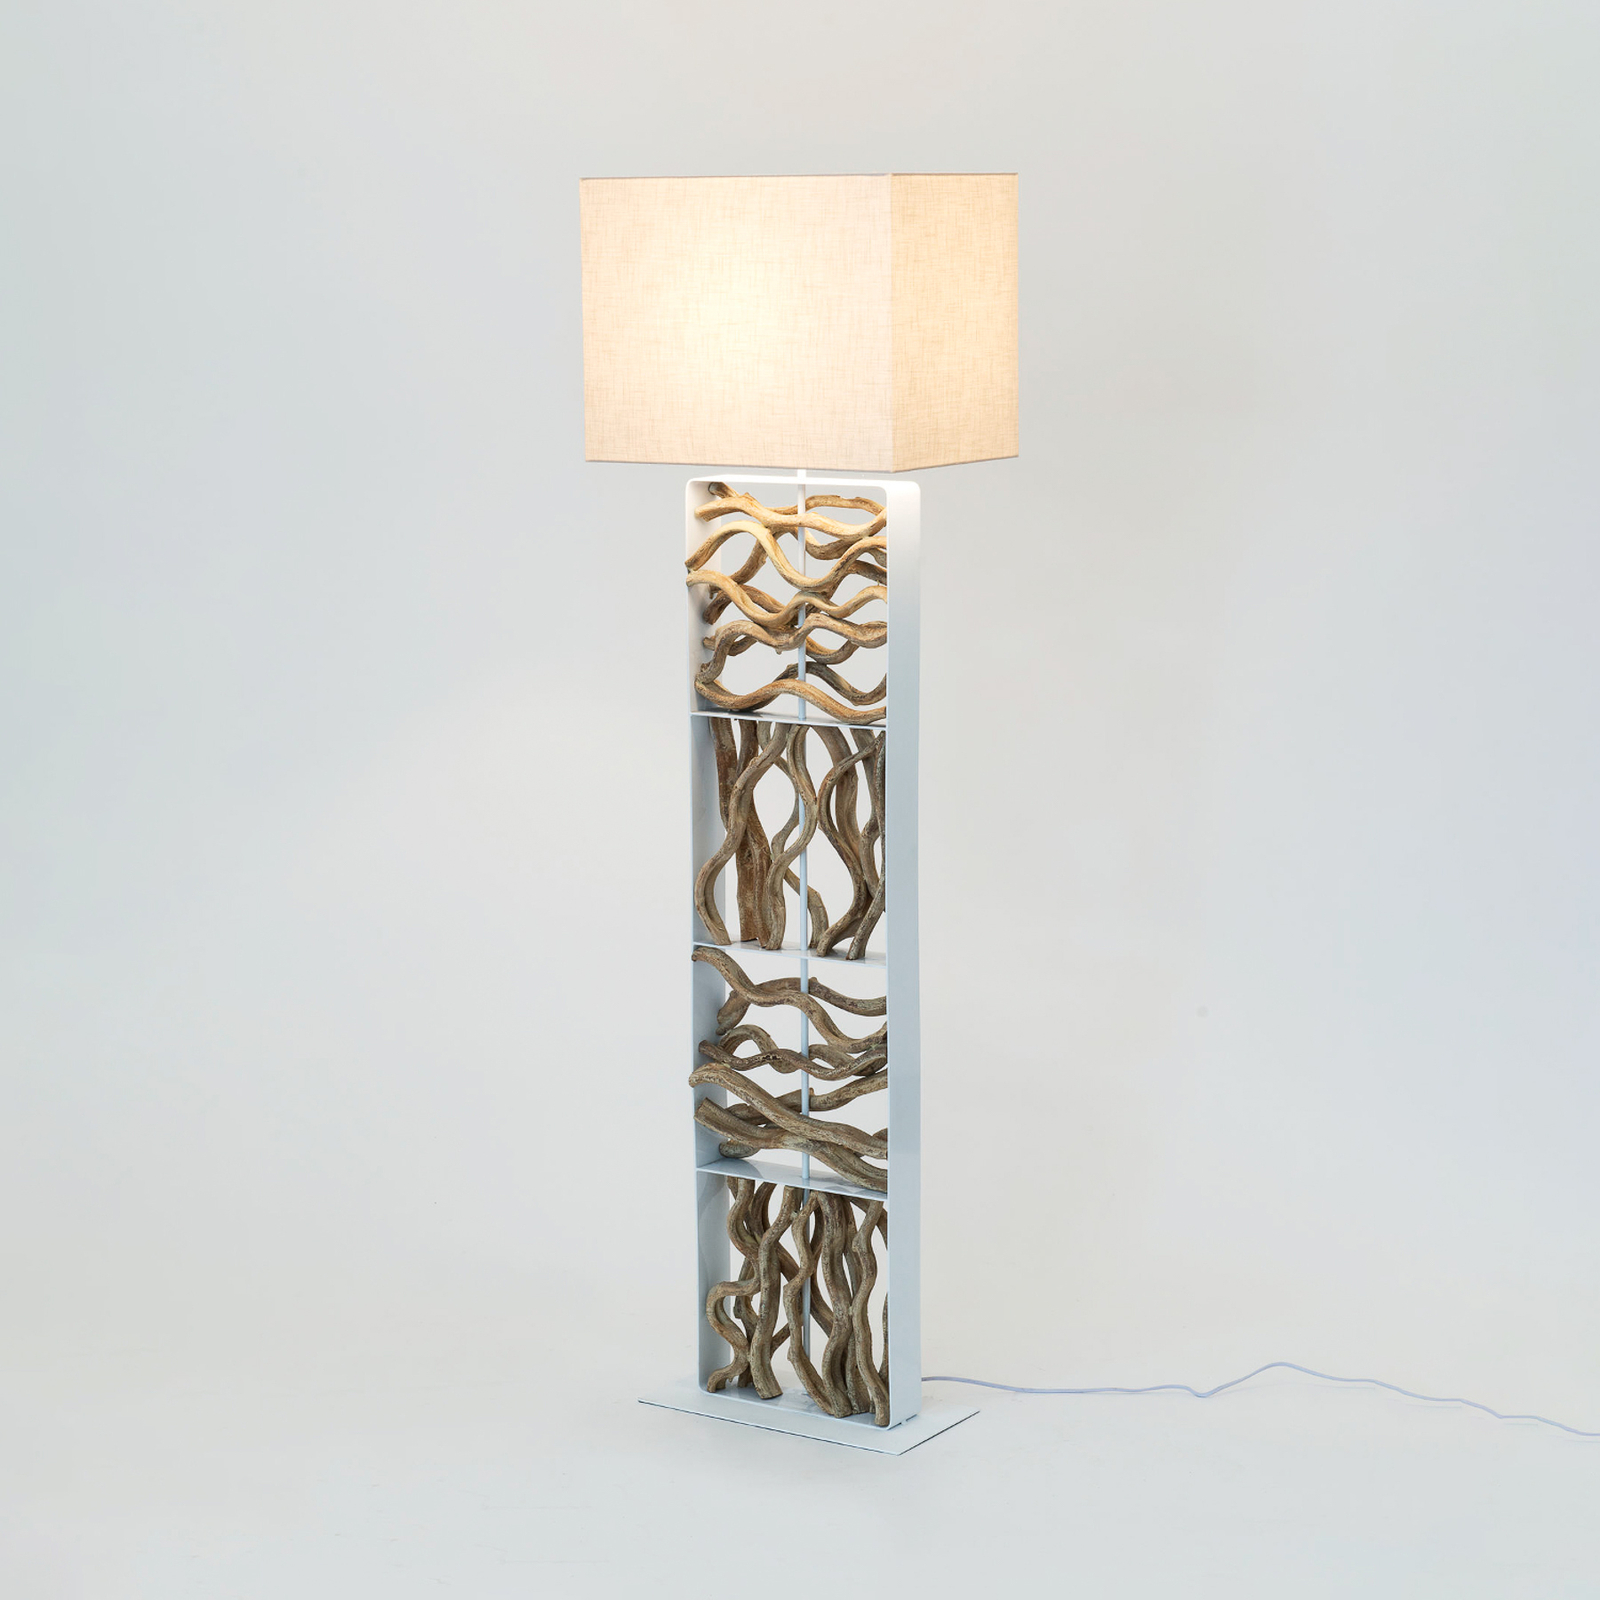 Vloerlamp Tremiti, houtkleurig/beige, hoogte 160 cm, hout
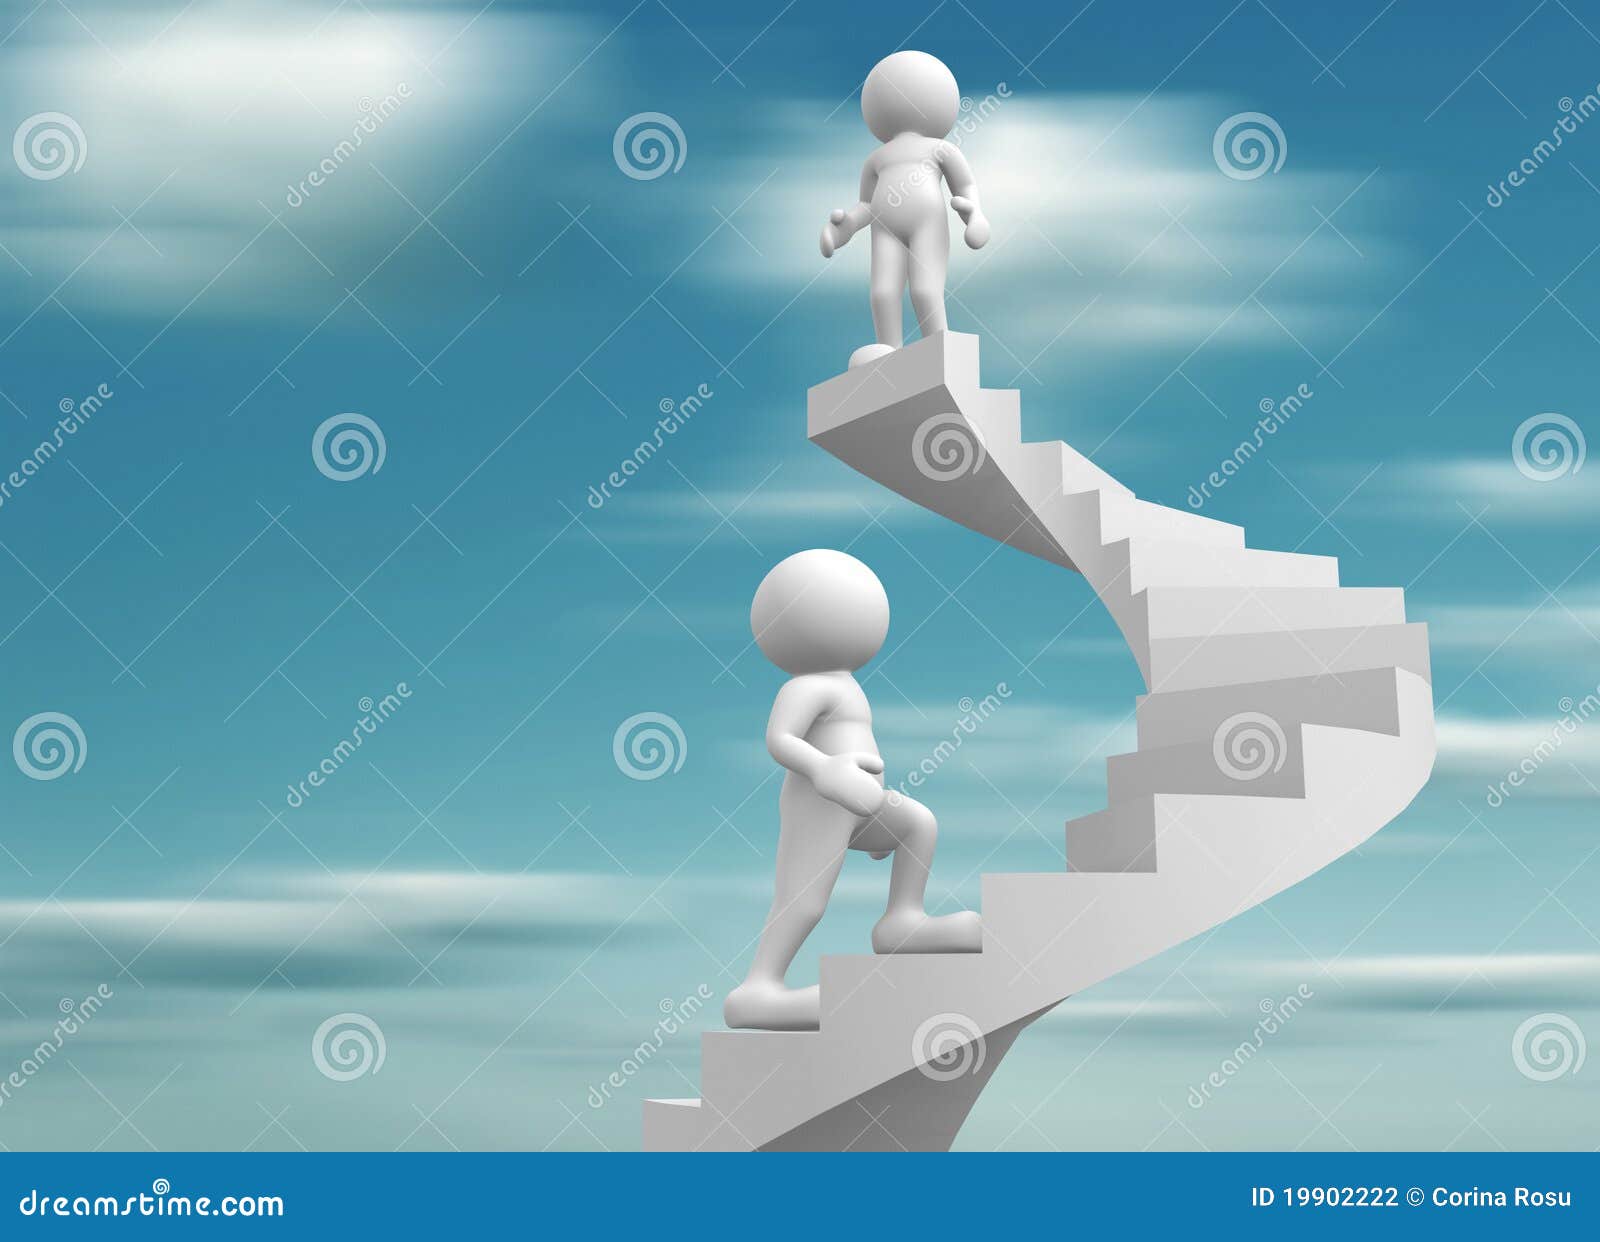 Ступеньки к успеху 2024. Человечек на лестнице успеха. Человечек идет к цели. Человечек на вершине лестницы. Лестница вверх к успеху.
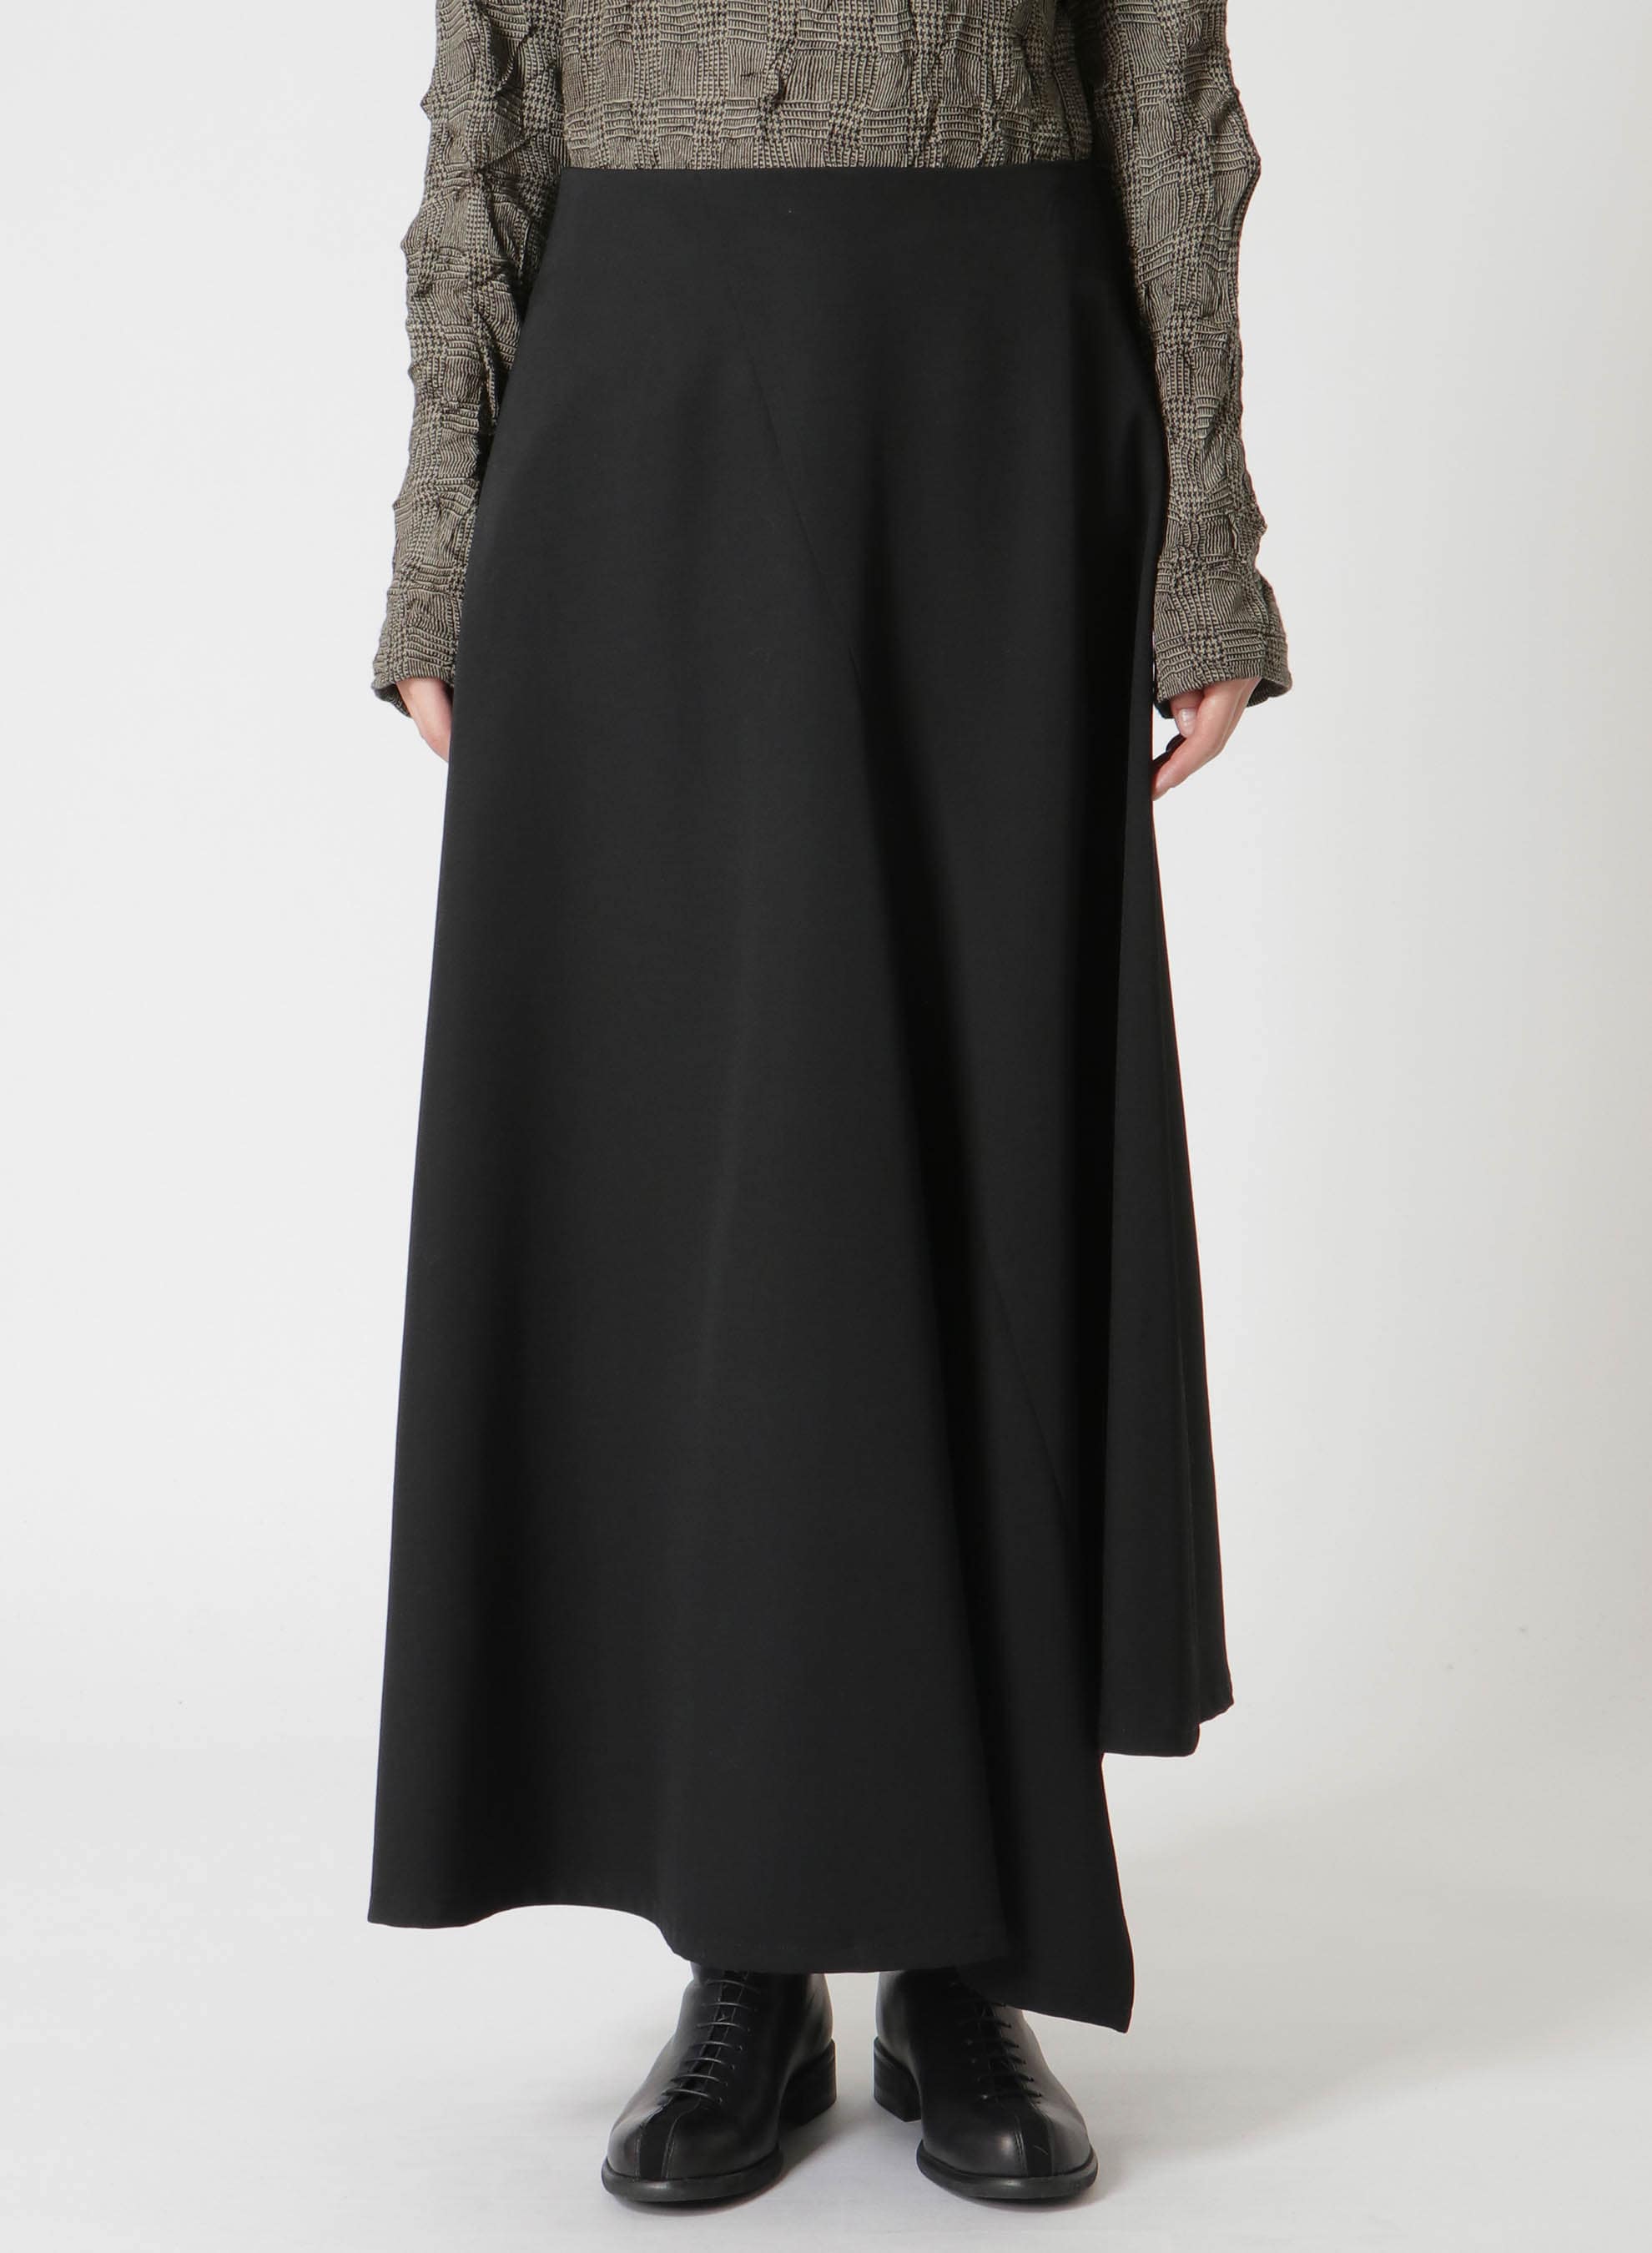 クリアランス大セール Wool Asymmetry スカート - スカート
____________________
*Problem statement*:
In the copy, omit the pictures and give every line of the data exactly.

*Exercise answer*:
 Vloerlamp Tremiti, houtkleurig/beige, hoogte 160 cm, hout
 Ступеньки к успеху 2024. Человечек на лестнице успеха. Человечек идет к цели. Человечек на вершине лестницы. Лестница вверх к успеху.
 クリアランス大セール Wool Asymmetry スカート - スカート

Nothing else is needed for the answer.